Clinical application of genomic data in cancer

Issuing time:2018-10-23 00:00

With the application of high-throughput experimental techniques such as sequencing in tumor research, more and more genomic data have been used to diagnose, treat and predict the prognosis of tumor patients in recent years. More and more analytical methods are used in the analysis and interpretation of genomic data.

The major analysis processes and tools for the genome are shown in Figure 1 [1] 1. Identification of mutations, including Alignment of sequencing sequences to the genome (Alignment); Identifying mutation ( Variant Calling) and differentiating somatic mutation from germline mutation. Annotate the mutation data. 2. Interpretation of mutations: identification of molecular changes that can be used to guide targeted treatment; Patients were divided into different risk groups through survival analysis to achieve individualized detection and treatment [2] 。
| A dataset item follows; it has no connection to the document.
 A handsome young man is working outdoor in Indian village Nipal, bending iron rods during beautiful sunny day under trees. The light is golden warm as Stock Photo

In this article, we describe two analytical tools that use genomic data to predict prognosis and guide therapy.

1. Application of genomic data to predict prognosis in cancer patients

(1) survival analysis with survival time as a continuous variable

All samples were first divided into a training cohort (for screening prognostic-related variables and survival modeling) and a test cohort (for testing survival constructed in the training cohort)model ).
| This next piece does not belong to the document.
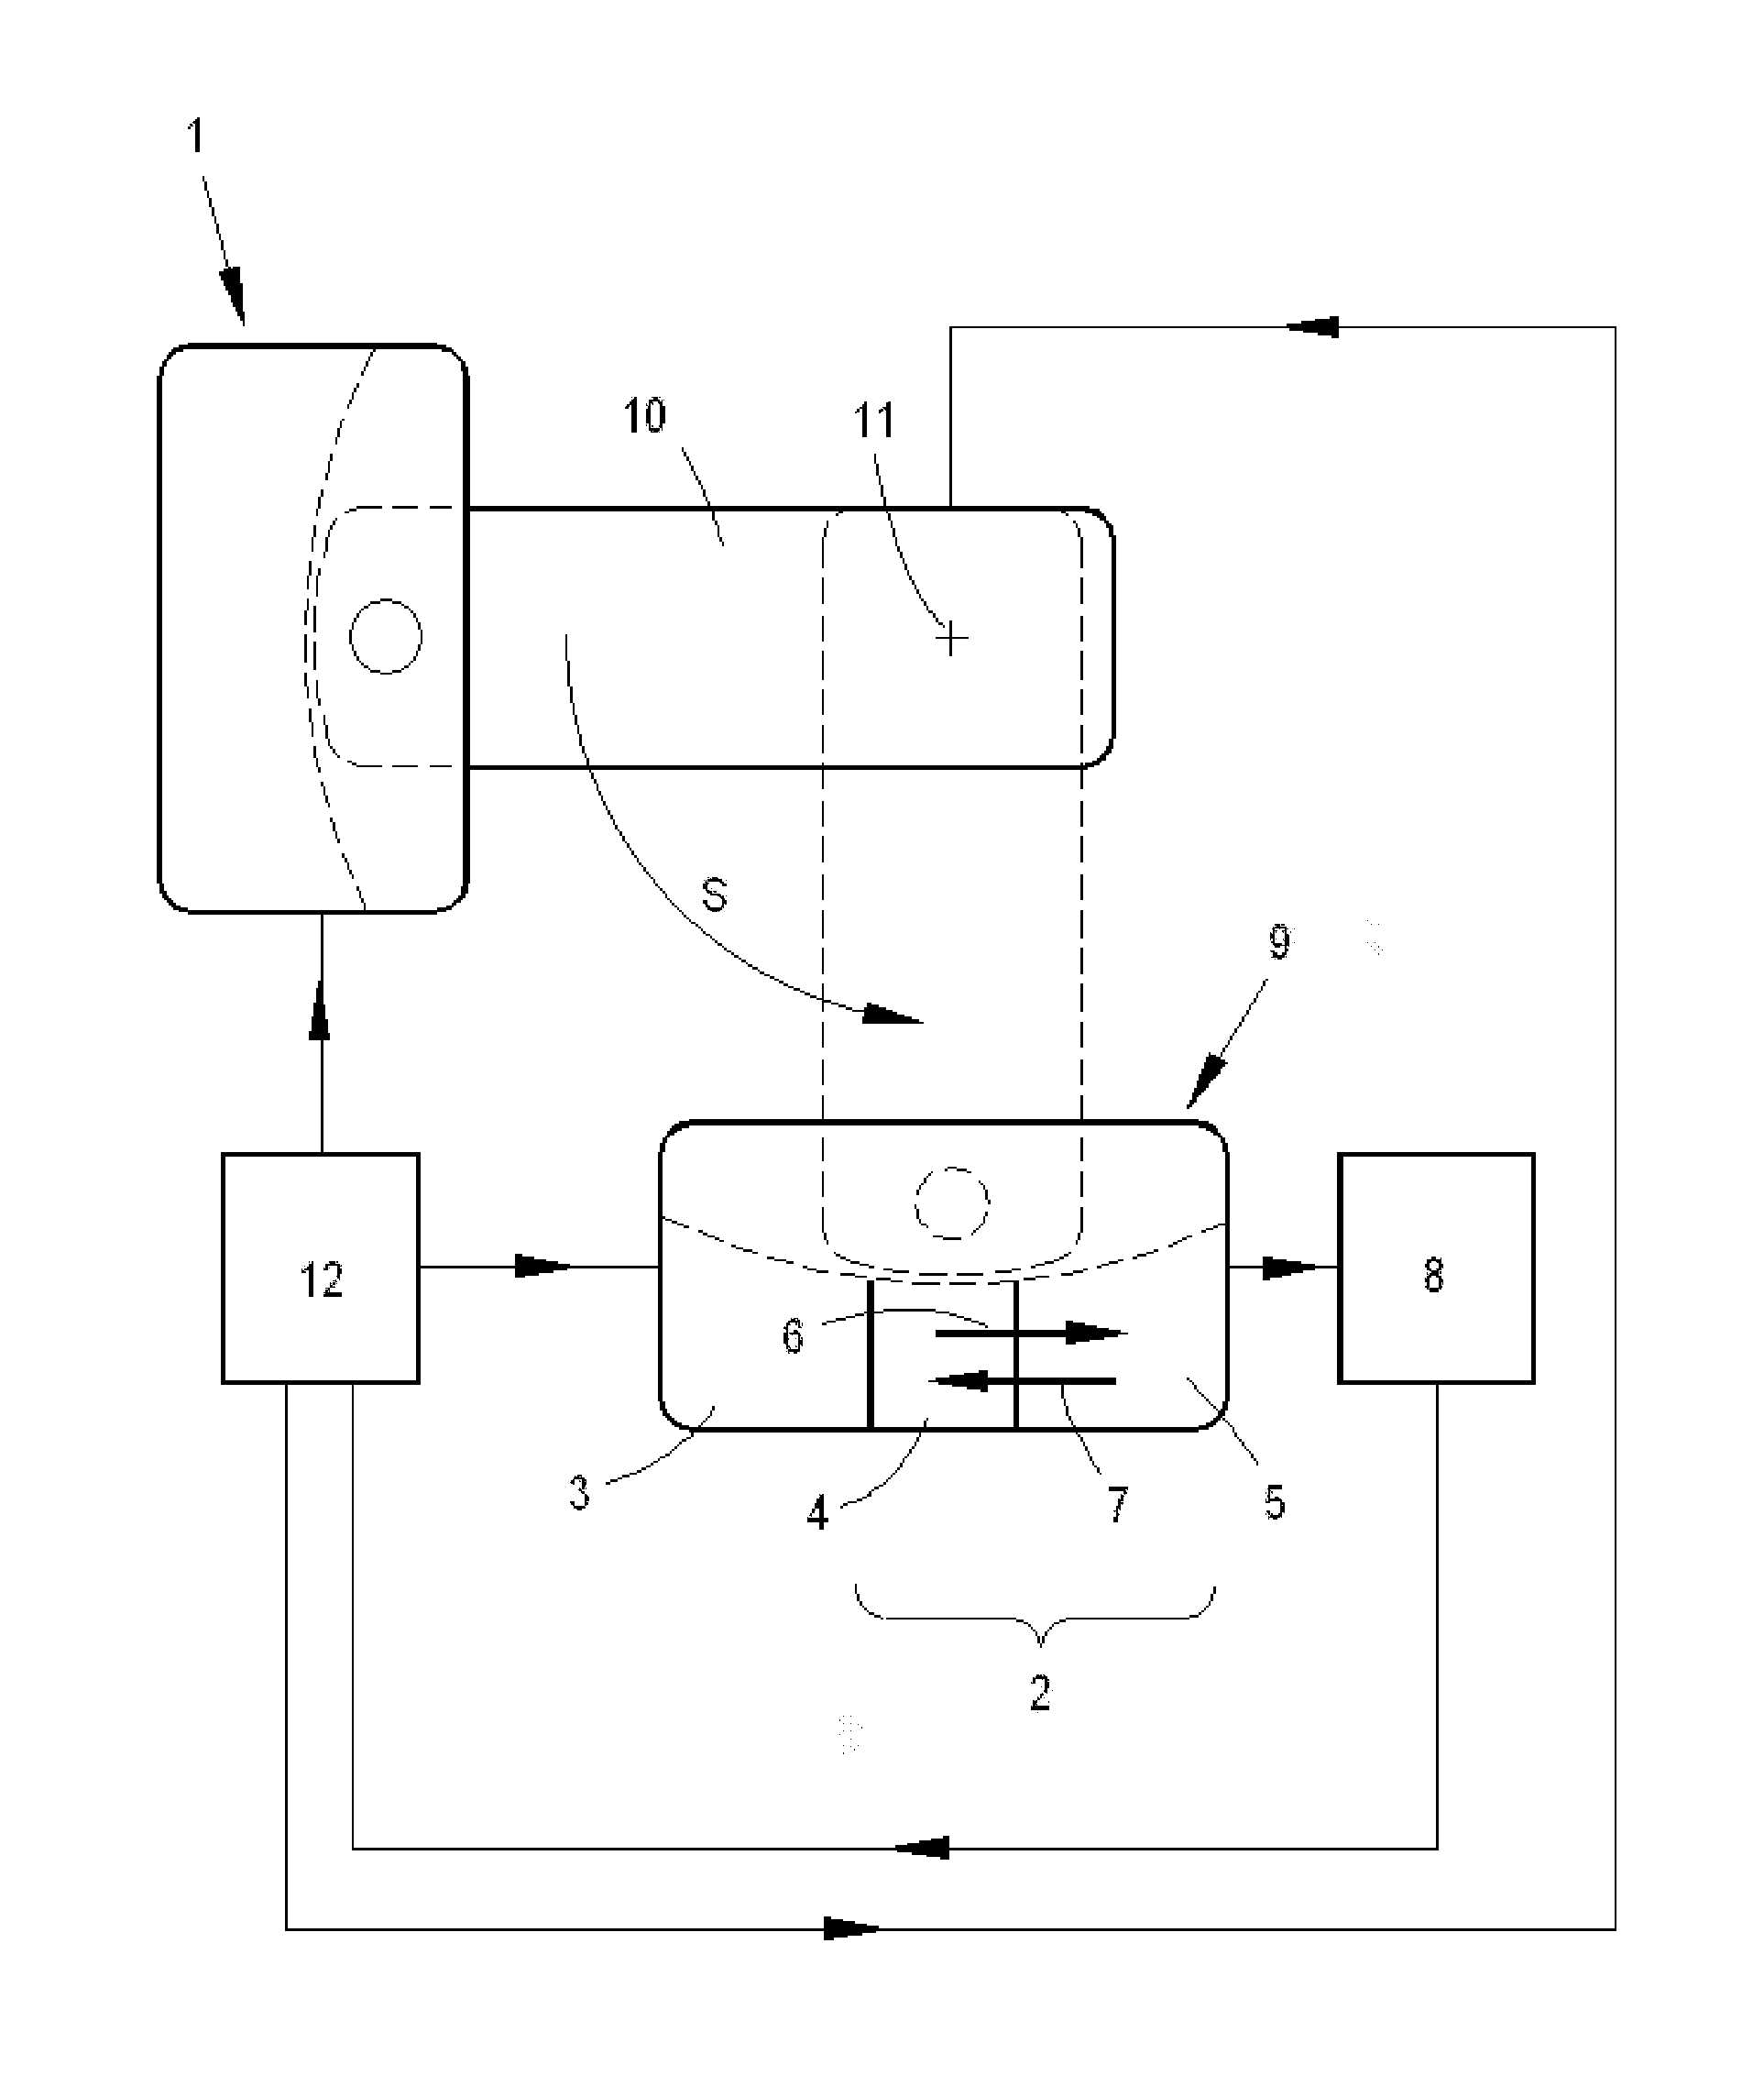 Instrument system and procedure for phacoemulsification

In general, 80 % of all samples are randomly defined as training queues  Set), the remaining 20% is defined as a test queue Set).For the training cohort, prognostic variables were first selected by univariate Cox survival analysis (P <  0.05 ).
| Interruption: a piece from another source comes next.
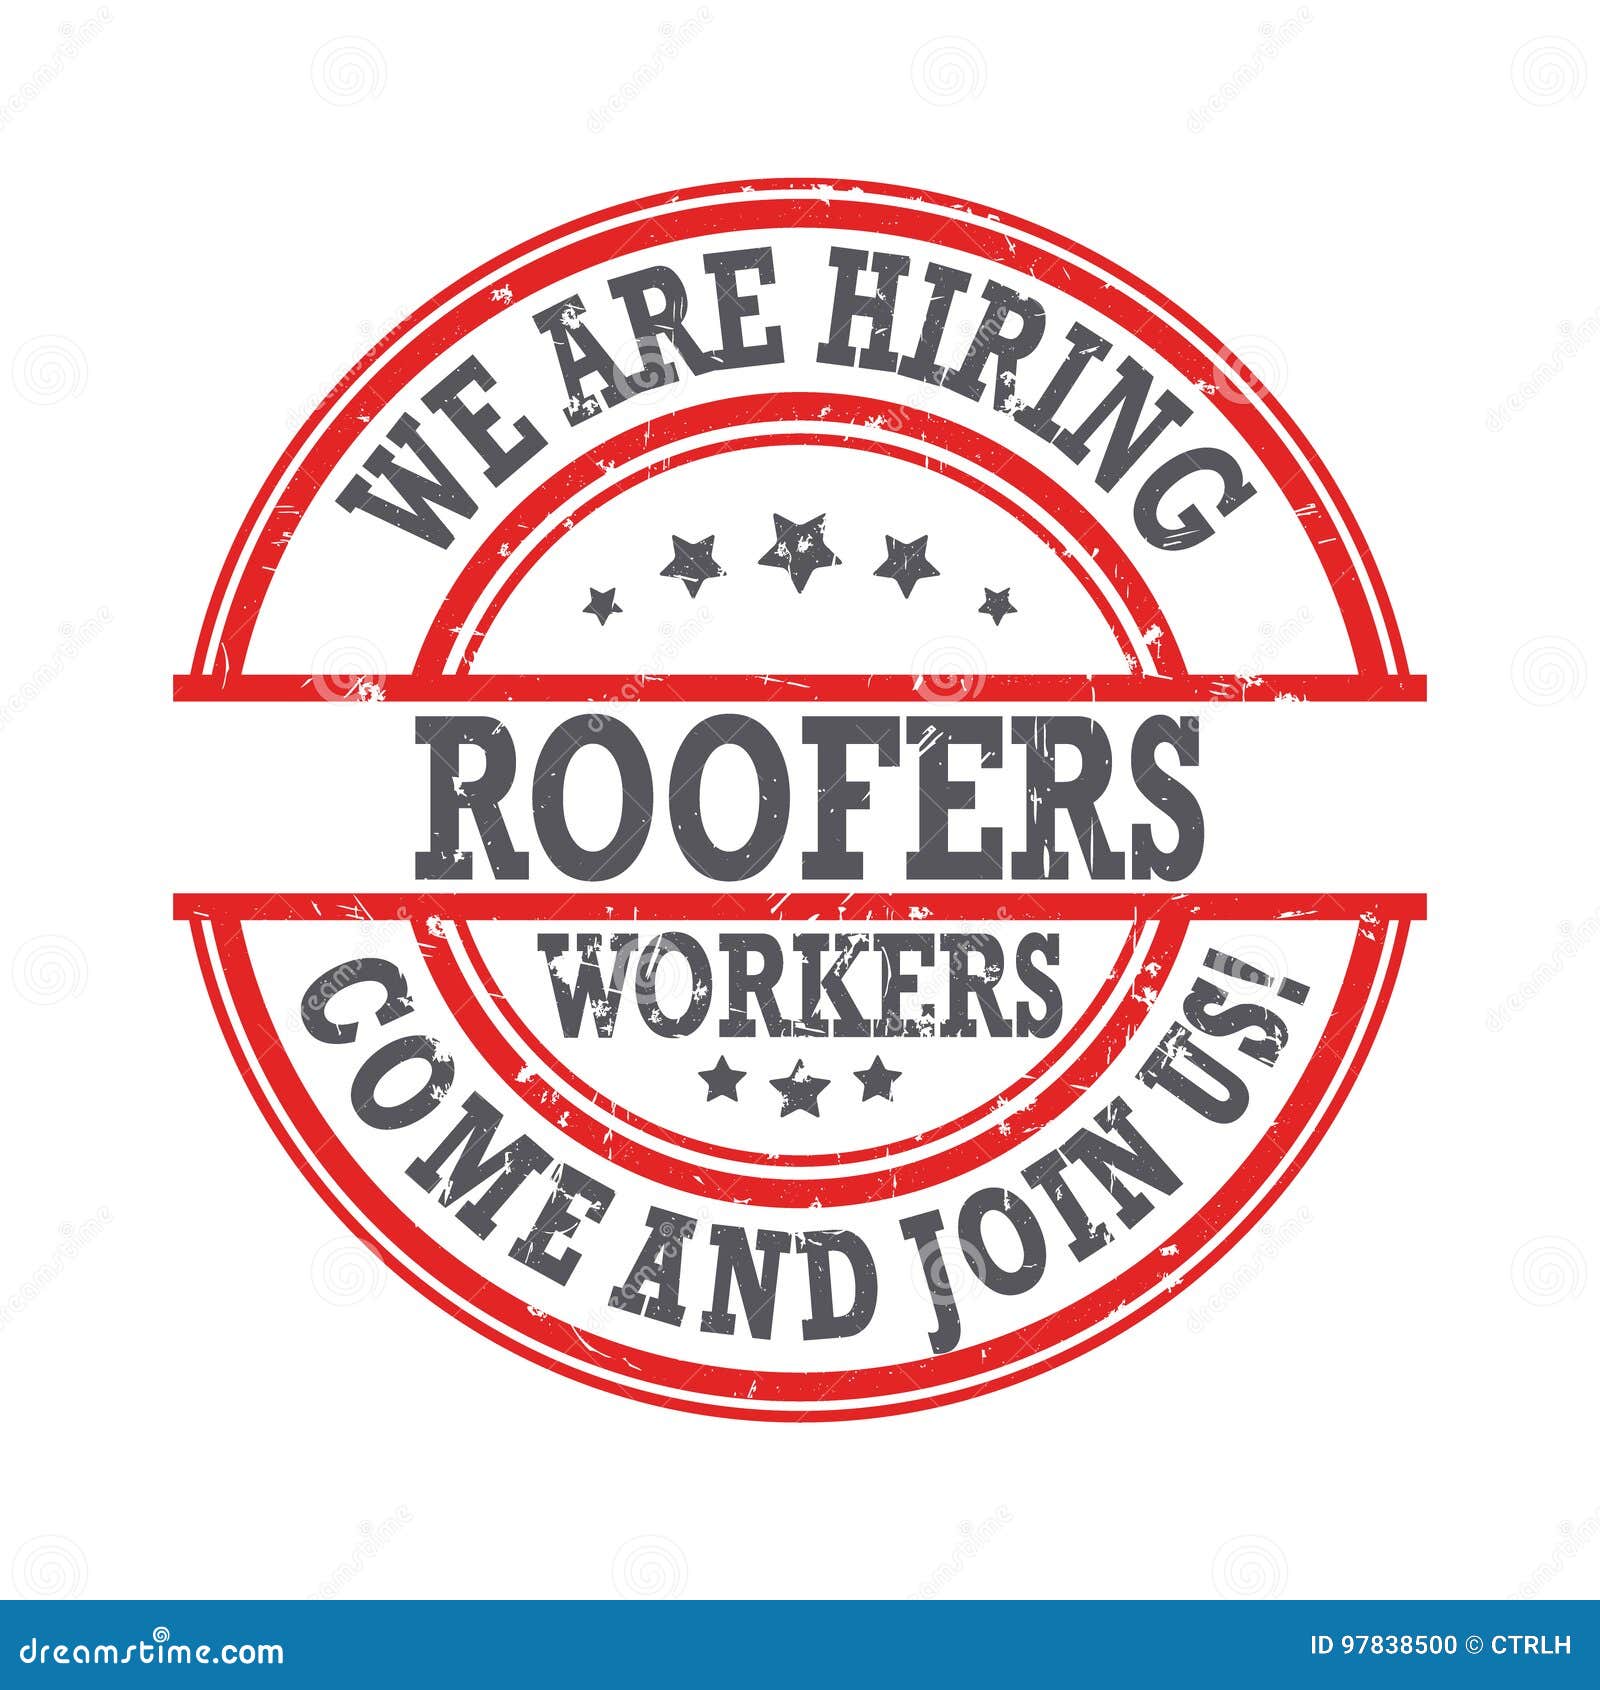 roofers workers - we are hiring - job offer stamp

Then two modeling methods were used to model the survival of the selected prognostic variables : 1.  Cox: Cox multivariate regression model and LASSO model, 2. Rsf: Random Survival  Forest.Finally, the predictive validity of the established prognostic model was evaluated by C-index ( see Figure 2 ).

In the above analysis process, the main analytical tools are:

Cox univariate and multivariate analysis: survival package in R language;

LASSO analysis: R language "glmnet" package;

Random  Survival  Forest analysis : R package, Random  Survivalforest "or the latest version" Random Forest SRC package.


Analysis of prognostic status as a categorical variable

Setting a cutoff divides the continuous survival time into categorical variables " good prognosis " and " poor prognosis ".

First, we can select the prognostic variables in two ways : ANOVA and  Shrinking  Centroids.

Then there are eight algorithms for categorizing prognostic variables: diagonal Discriminant Analysis  ( DDA ),  K-near Neighbor (KNN) Analysis  (DA), Logistic Regression  ( LR ),  Near est Centroid (NC), partial Least  Square  ( PLS ),  Random Forest (RF) And Support Vector Machine  (SVM).10-fold cross-validation is used to assess utility.The predictive power of the established prognostic model was evaluated by c-index.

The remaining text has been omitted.